Antisemitische Verschwörungstheorien als Online-Subkultur
Gemäss dem Antisemitismusbericht hat sich online eine verschwörungsaffine Subkultur gebildet. Diese sei insbesondere auf dem Messenger-Dienst Telegram aktiv. Dabei könnten verschiedenste Themen als Aufhänger dienen, darunter auch der Ukraine-Krieg.
«Es geht darum, dass überall dunkle Mächte dahinter sind. Mächte, die irgendwie versuchen, etwas Schlechtes zu machen. Irgendwo schwingt dann immer auch implizit oder explizit mit, dass es eine Art jüdische Weltverschwörung gibt», sagt Jonathan Kreutner.
Nicht alle Personen, die Verschwörungstheorien anhängen, sind antisemitisch. Doch in dieser Szene hätten judenfeindliche Mythen an Zulauf gewonnen.

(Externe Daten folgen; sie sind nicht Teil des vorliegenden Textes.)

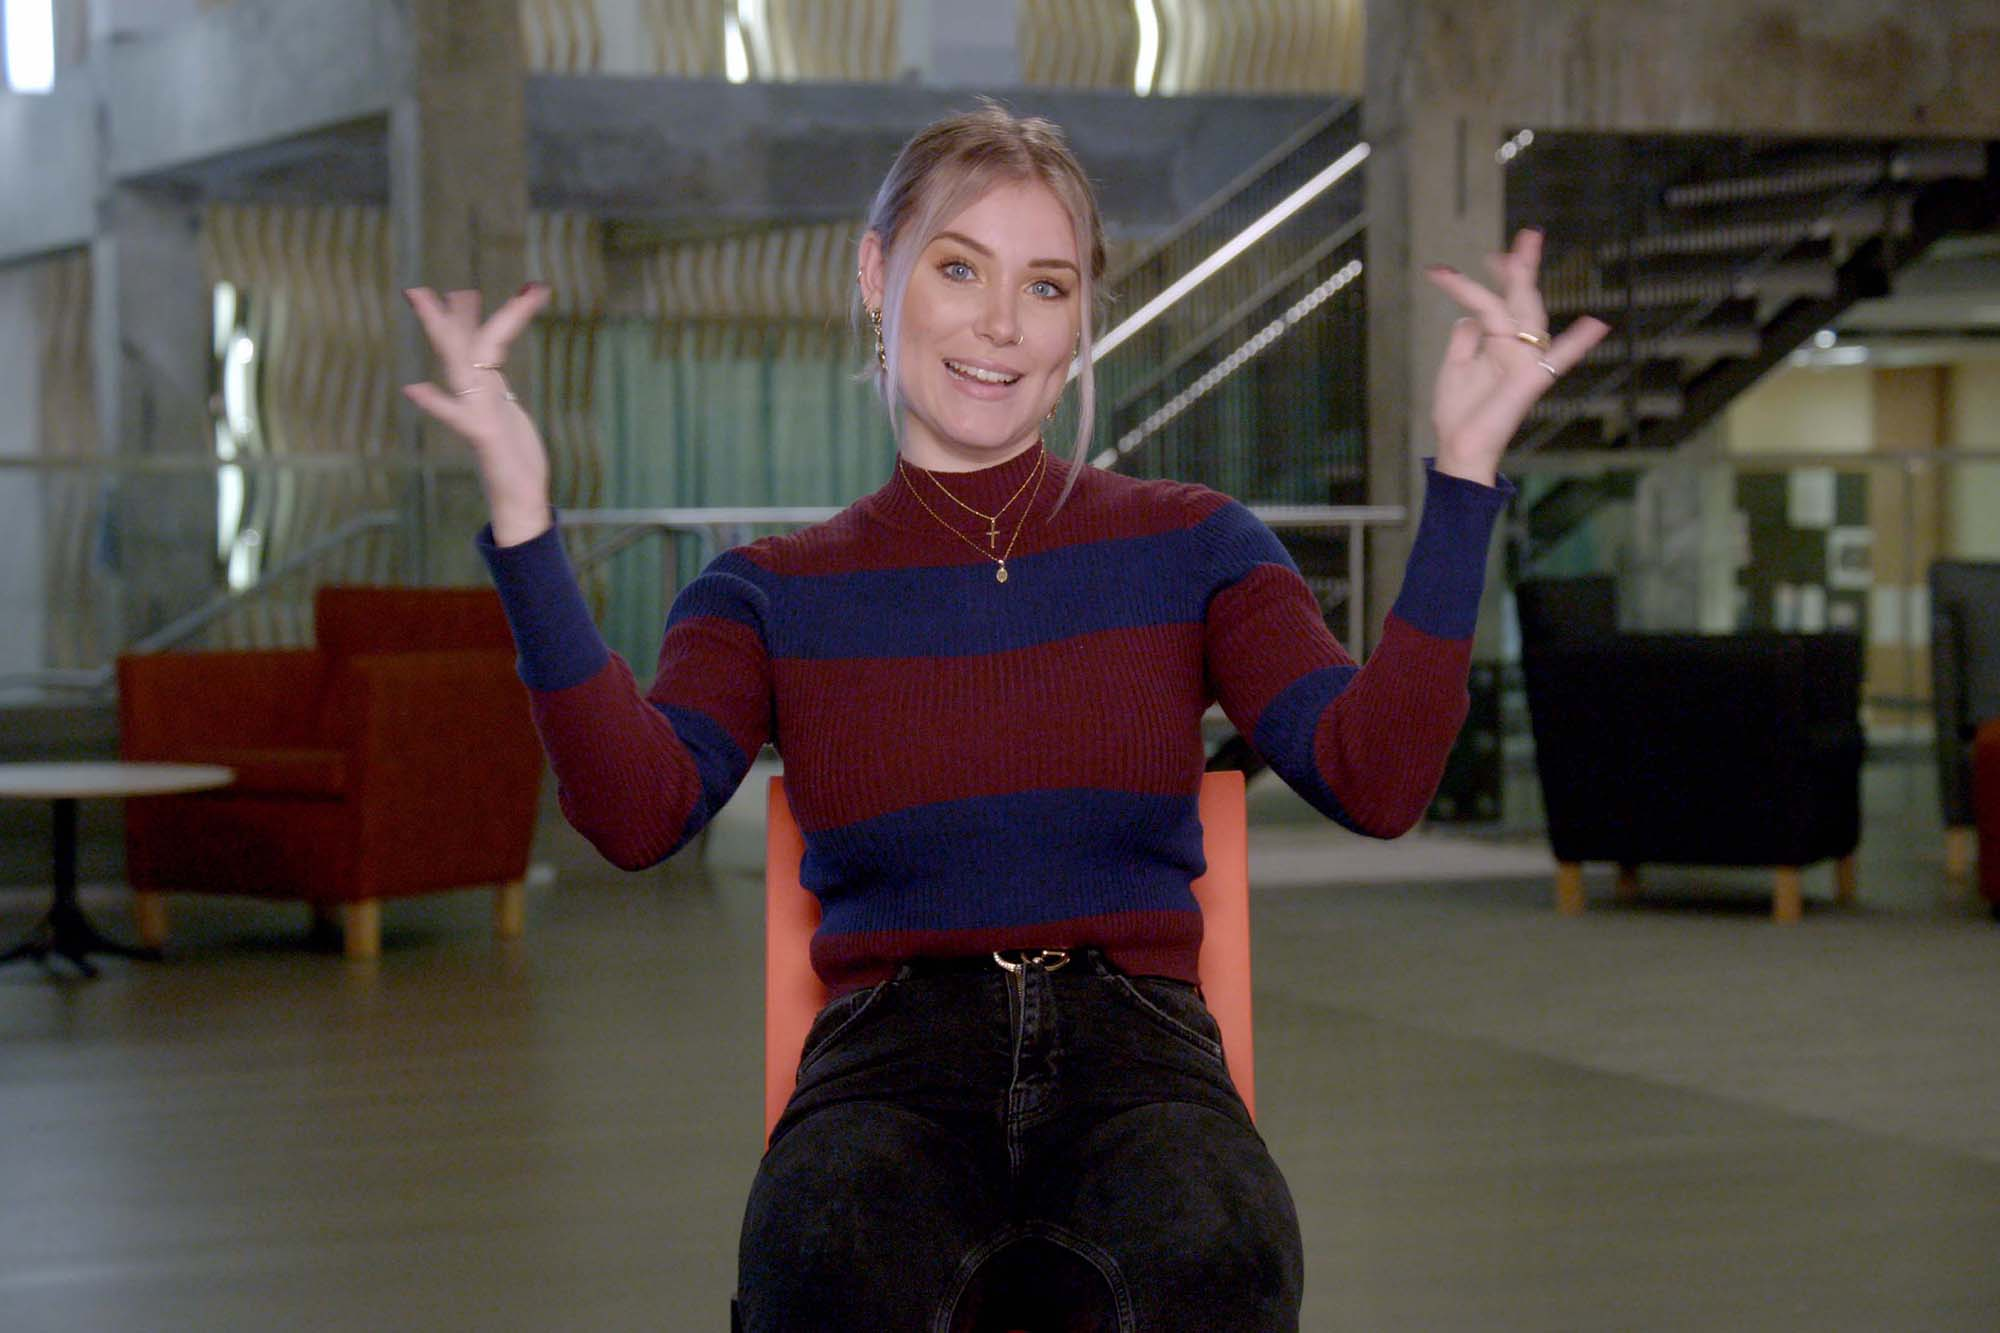 Deaf college students shine in Netflix's new series 'Deaf U'

Gemäss Kreutner fehlen in den Kanälen mahnende Gegenstimmen. Für Schweizer Jüdinnen und Juden sei dies ein Grund zur Besorgnis. Wenn Menschen von grossem Hass getrieben sind, werde die Gefahr reell, und den Worten könnten dann Taten folgen.
In anderen Ländern haben Leute, die an antisemitische Verschwörungstheorien glaubten, bereits Attentate auf Juden oder jüdische Einrichtungen verübt. So zum Beispiel Beispiel im deutschen Halle, als ein Mann in eine Synagoge eindringen wollte. Beim misslungenen Versuch ermordete er in der Umgebung der Synagoge zwei Menschen.

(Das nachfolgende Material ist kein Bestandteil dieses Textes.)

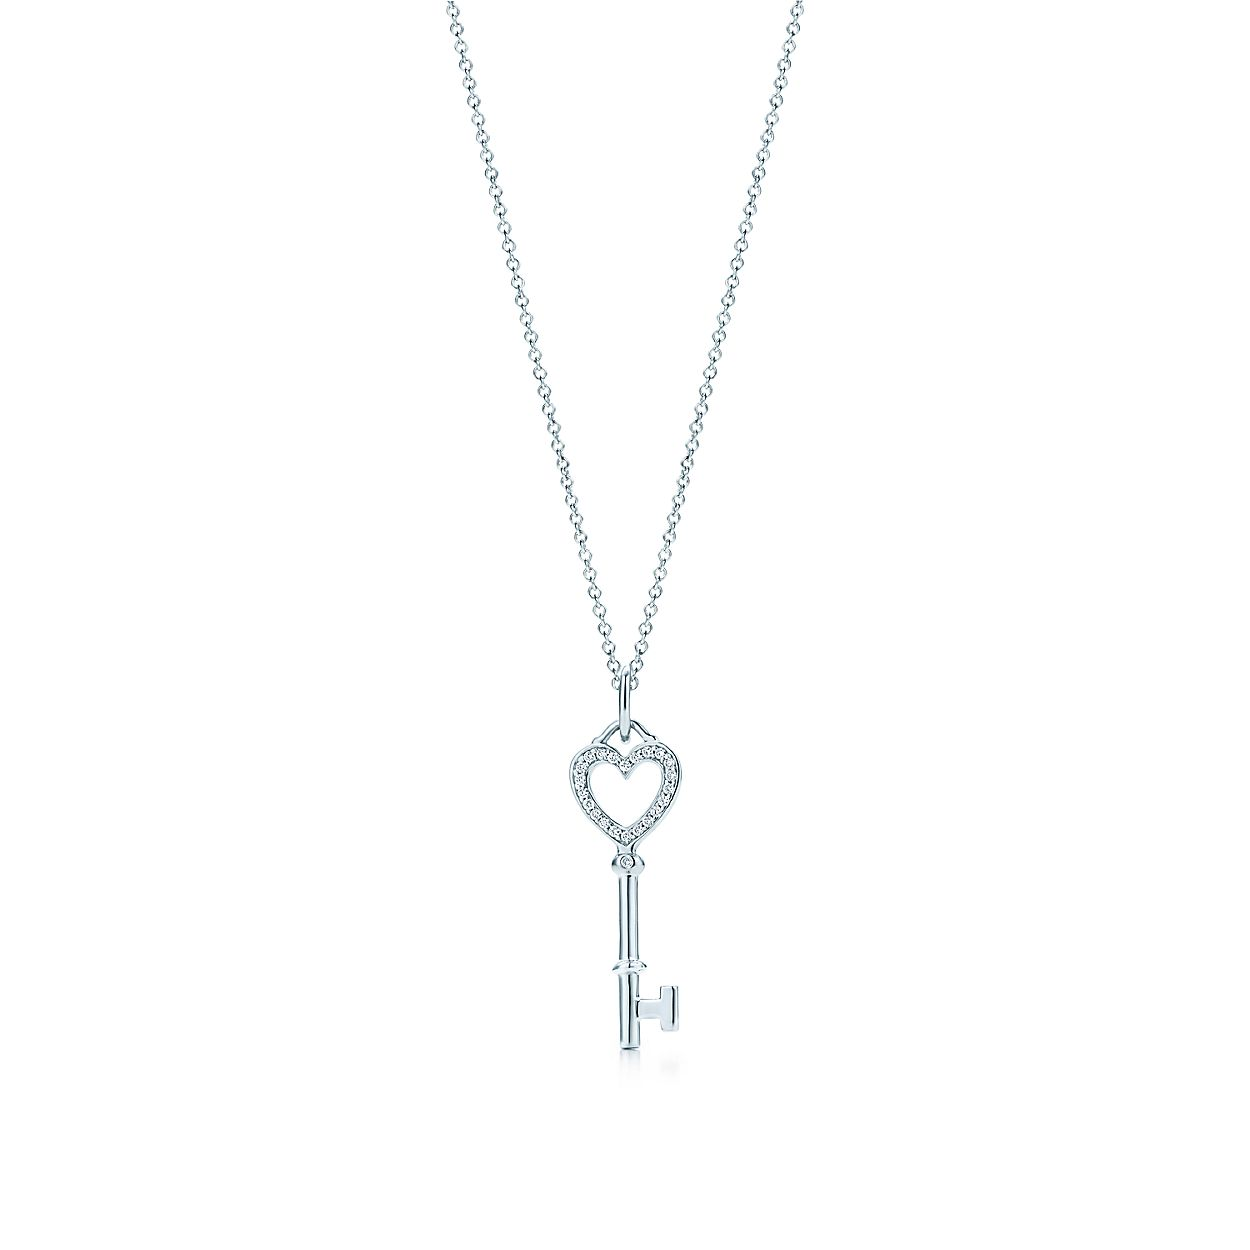 6a225e166111b Tiffany Keys heart key charm with diamonds in 18k white gold on a ...

Der Antisemitismusbericht enthält auch konkrete Forderungen, um den Hass gegen Jüdinnen und Juden in der Schweiz einzudämmen. So soll der Staat zum Beispiel ein Monitoring von Antisemitismus und Rassismus betreiben. Diese Aufgaben könnten nicht allein in der Verantwortung von Nichtregierungsorganisationen und Verbänden liegen, halten die Autorinnen und Autoren im Antisemitismusbericht fest.
Des Weiteren verlangen sie rechtliche Mittel zur Erfassung und Beschränkung von Hassreden. Die Politik müsse auf Social-Media-Plattformen einwirken, vor allem auf Telegram. Das Parlament soll zudem ein Verbot von Nazisymbolen beschliessen.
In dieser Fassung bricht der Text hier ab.